I am losing my mind at night eating. Like I am just going crazy binge eating everything. Last night was cheese and chocolate and whatever sweets there were. It’s like just self sabotage. What is wrong with me??? Am I getting too hungry? (By the time I got to dinner yesterday I was) Too tired? Upset? I don’t know. I have got to change it up. I need to just go to bed. That would help. But I do also appreciate some quiet alone time too esp by the end of the day.
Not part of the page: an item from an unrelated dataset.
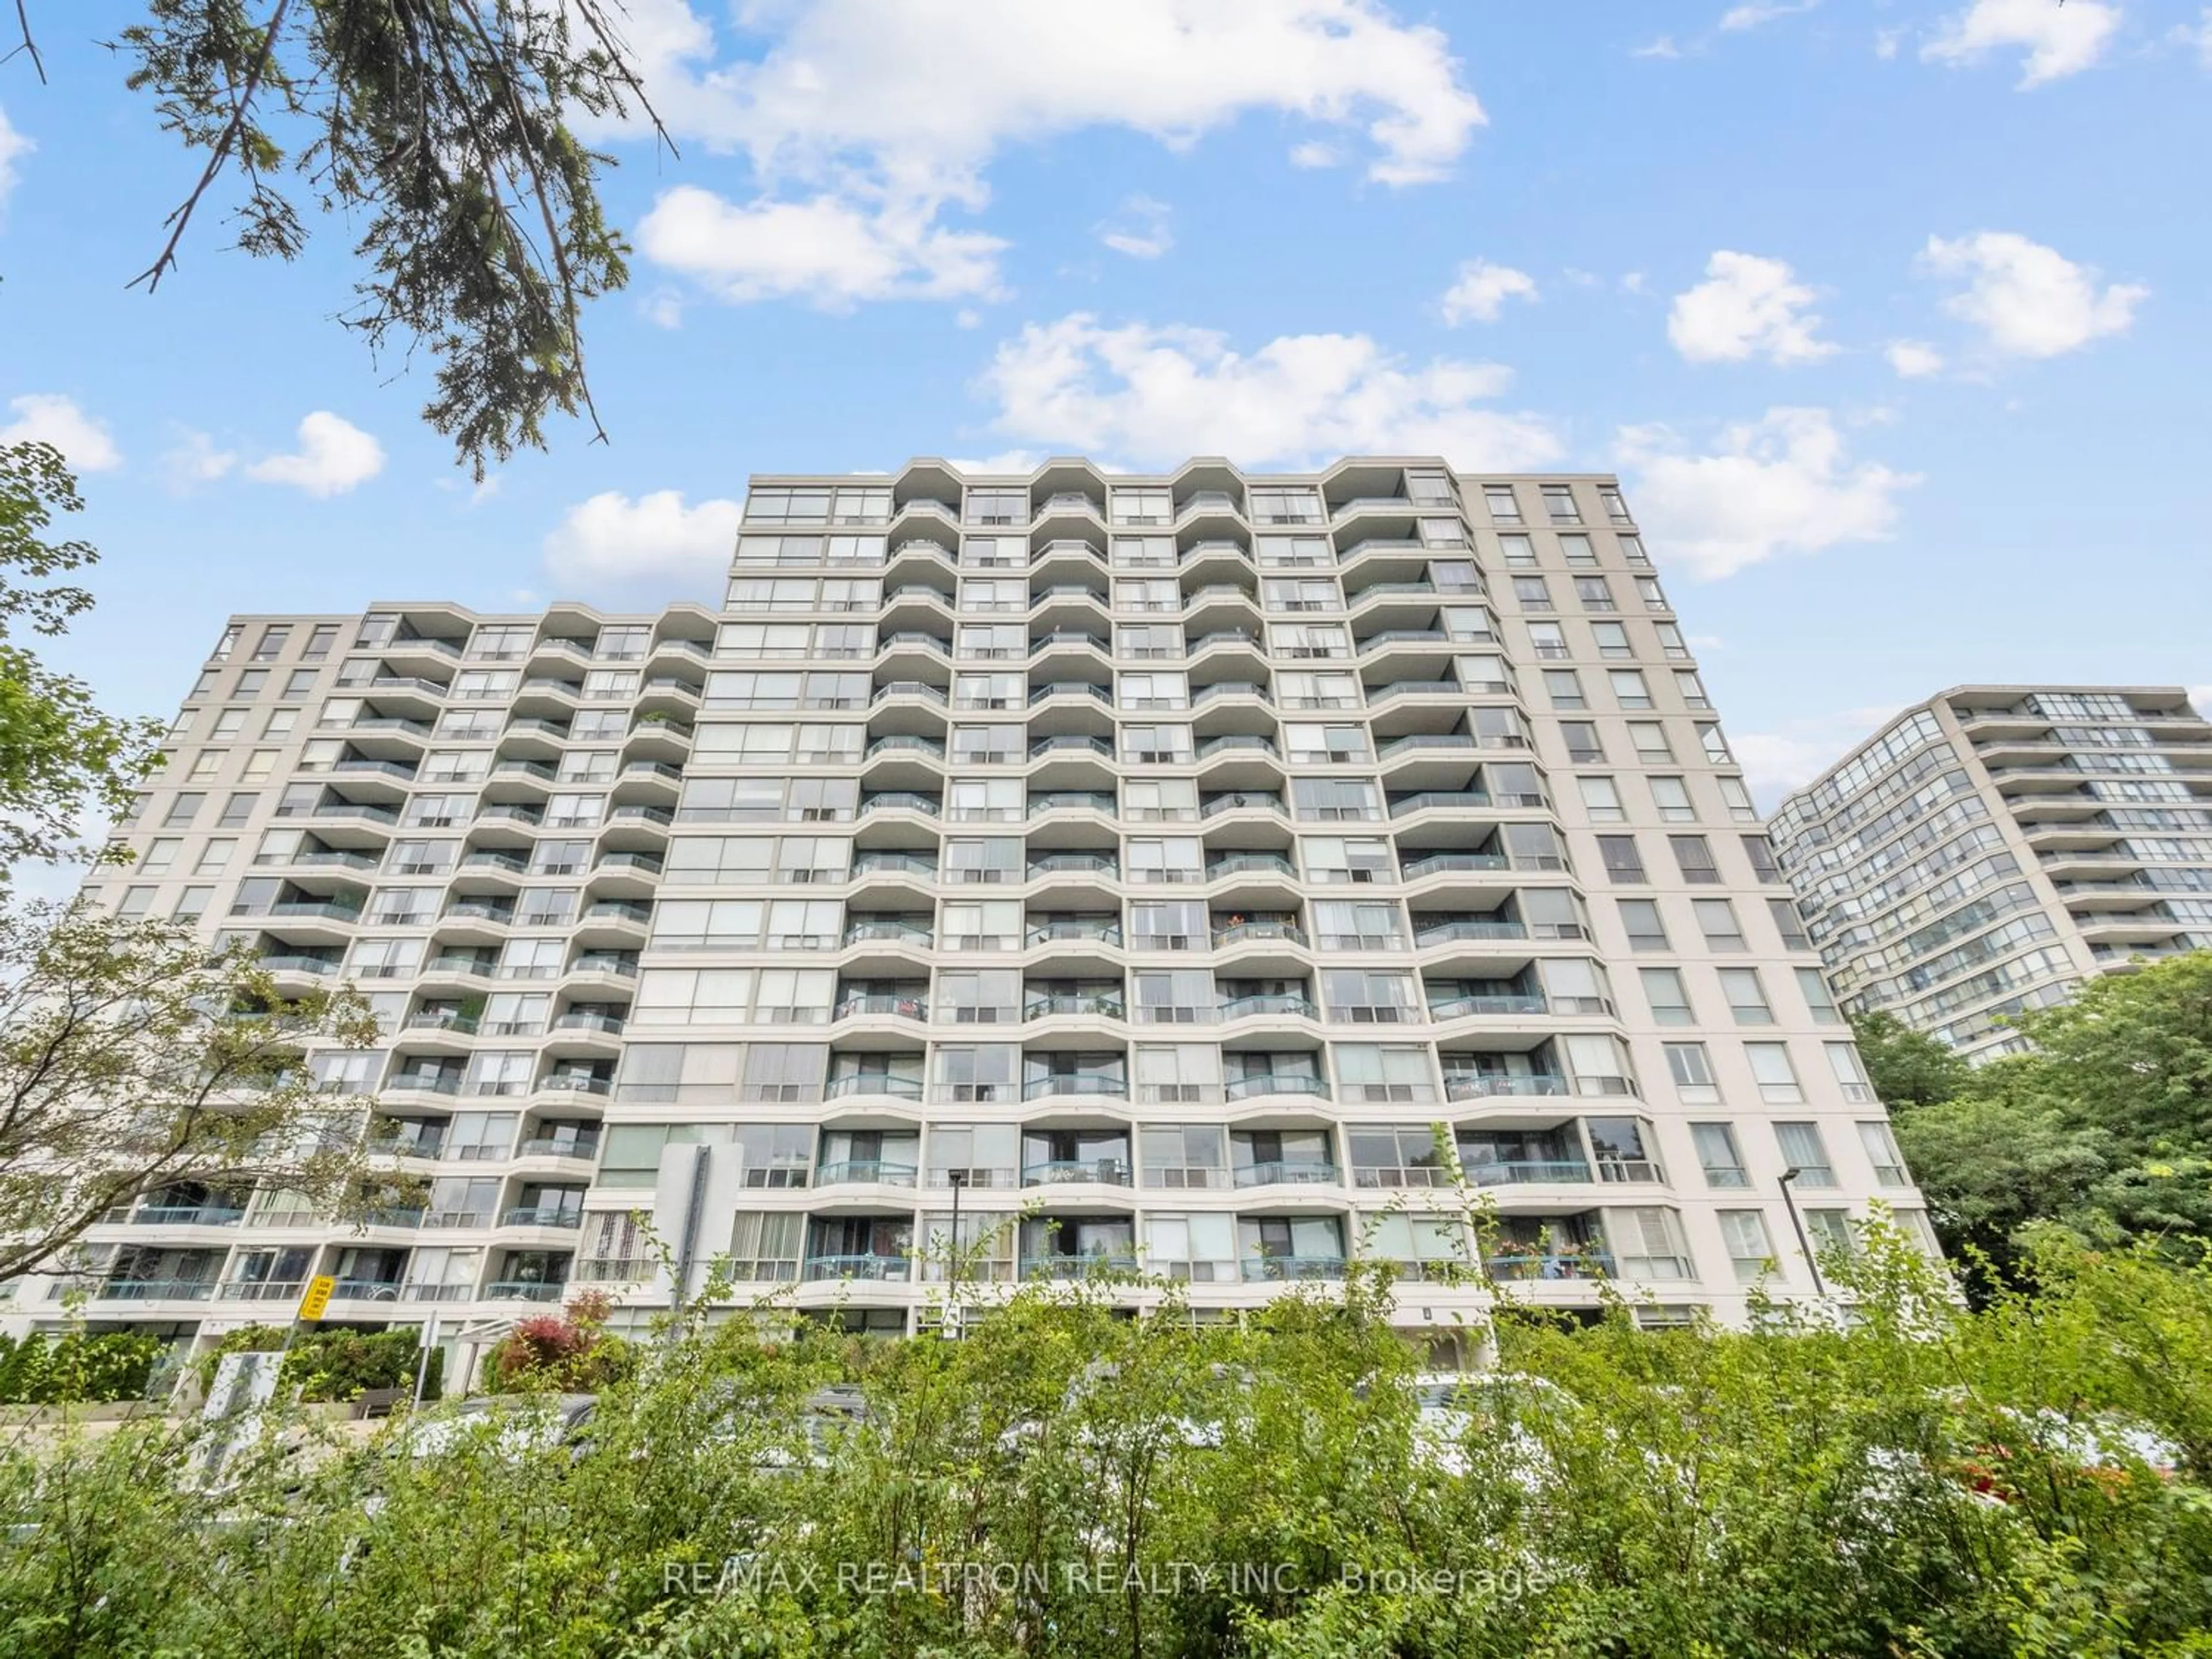 A pic from exterior of the house or condo for 4727 Sheppard Ave #1007, Toronto Ontario M1S 5B3

I feel like the past 2 days I have been struggling to be around the hubs. It is hard for me to not be irritated and I don’t know why. I think he is a bit down having to go back to work. He had trouble sleeping. I think that he is not always using time effectively. I need to detach from this stuff. Focus on me, my recovery, how I am using my time and channeling my energy. I can let him know what I need from him (emotionally, physically, etc) and how he handles it is data for me on how he is doing.
Gratitude:
- Quiet mornings
- Walks
- FT with the fam
- Having jobs and benefits
- Fall
- Having healthy food available to eat
- Nice weather
- Baby boys. So much love!!
- Hubs is working even though it’s hard
- This fancy baby rocker someone gave us
- Generous friends and nieghbors
Intentions: Eat healthy, drive lots of water, walk, go to bed early. Focus on physical health today.
Affirmations: I am productive. I love my family and I take good care of them.